My reappraisal of Palma continued apace when I arrived at the comely Hotel Dalt Murada. A former family home, the Dalt Murada is a treasure box of wonderful old oil paintings – many of which feature members of the Llado family who own it. Outside, the hotel’s central courtyard was a riot of orange and lemon trees, while cerise bougainvillea blooms crept up the walls. My room, across the terrace and away from the main hotel, had one of the biggest bathrooms I’ve ever seen – complete with a huge porcelain tub and enormous metal framed windows. The bedroom itself was furnished with antiques, many family heirlooms, and a rather intimidating portrait of a Catalan John Doe who eyeballed me disapprovingly every time I went near.

dalt murada

After a stroll down to the seafront and a glass of wine in a Park de la Mar cafe manned by two of the idlest waitresses I’ve ever come across, we headed back to the Murada for supper laid on by owners Luis and Ferran. A huge trestle table of Mallorcan tapas awaited: tender fried calamari, slabs of rose pink ham sliced thickly and piled high, tiny, salty olives, friable white cheese and bowl of sweet red tomatoes. Thank you Doña Llado, I thought as I tucked in. Thank you! We washed it down with glasses of the local red, enjoying the citrus fragrance that rolled around the sun-warmed courtyard before tucking into homemade almond icecream. Bliss.

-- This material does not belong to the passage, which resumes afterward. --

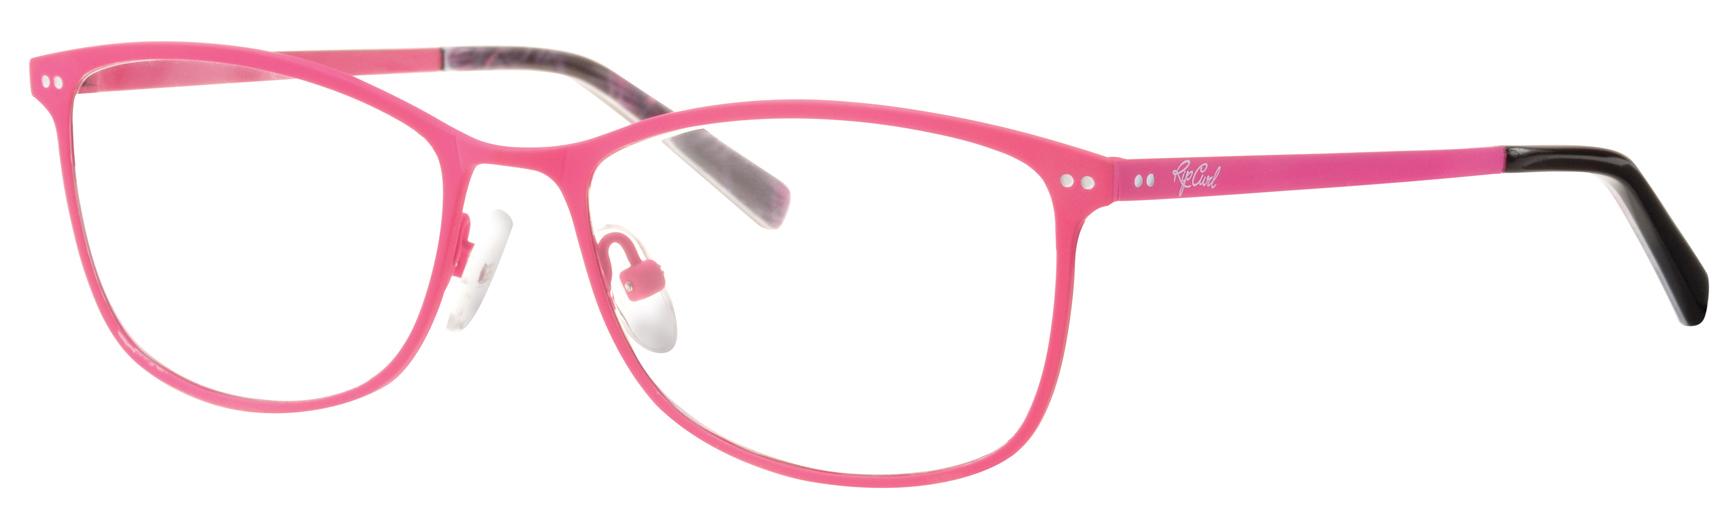 Frames - Optical Service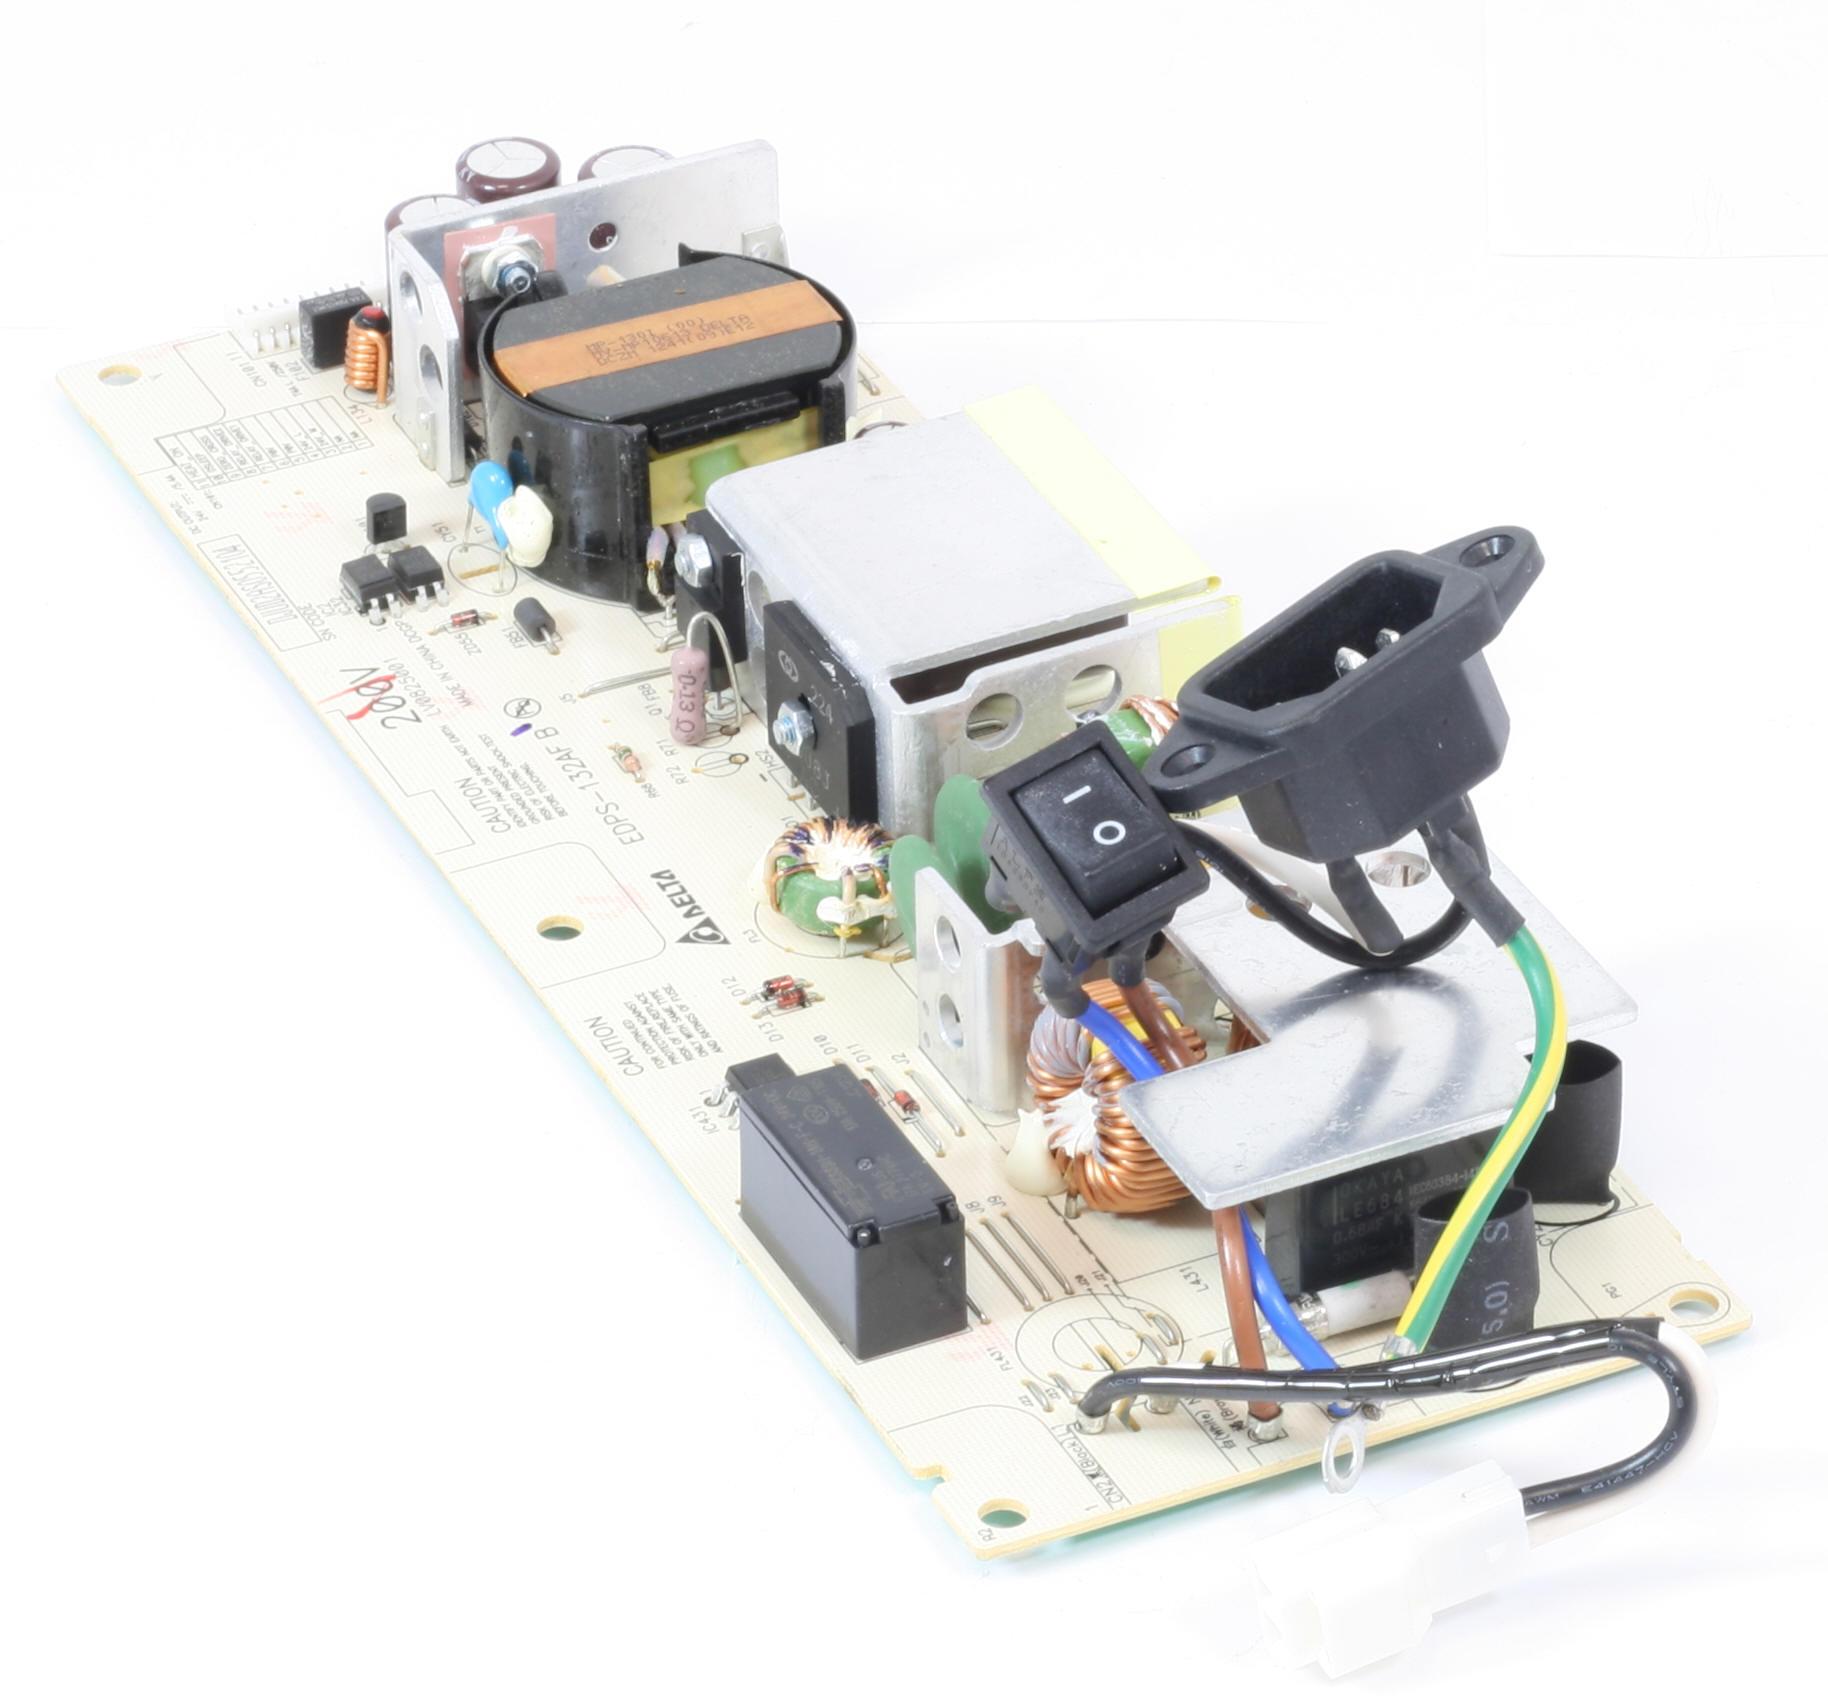 Brother Netzteil LV0825001 POWER SUPPLY EDPS-132AF HL-5450 DN HL-6180 DW gebraucht

The next day, still groaning from Doña Llado’s Spanish feast, we headed off to explore. It’s easy to get lost in Palma thanks to its twisting alleyways and warren-like succession of courtyards and side streets, but as Luis explained, you can always get to where you need if you use the cathedral as a compass.  Known locally as La Seu, it was begun in 1229 by the Aragonese king, James I but wasn’t completed until 1601. It’s a fabulous piece of architecture and utterly dominates the skyline, which unlike Magaluf, doesn’t have a single high-rise to mar it. In fact, it’s all decidedly Moorish with the odd Arabesque or curlicue popping up on most streets. Up behind the cathedral on the medieval lanes, where few cars but plenty of horse-drawn carriages go, it’s easy to forget that you’re in the 21st century at all.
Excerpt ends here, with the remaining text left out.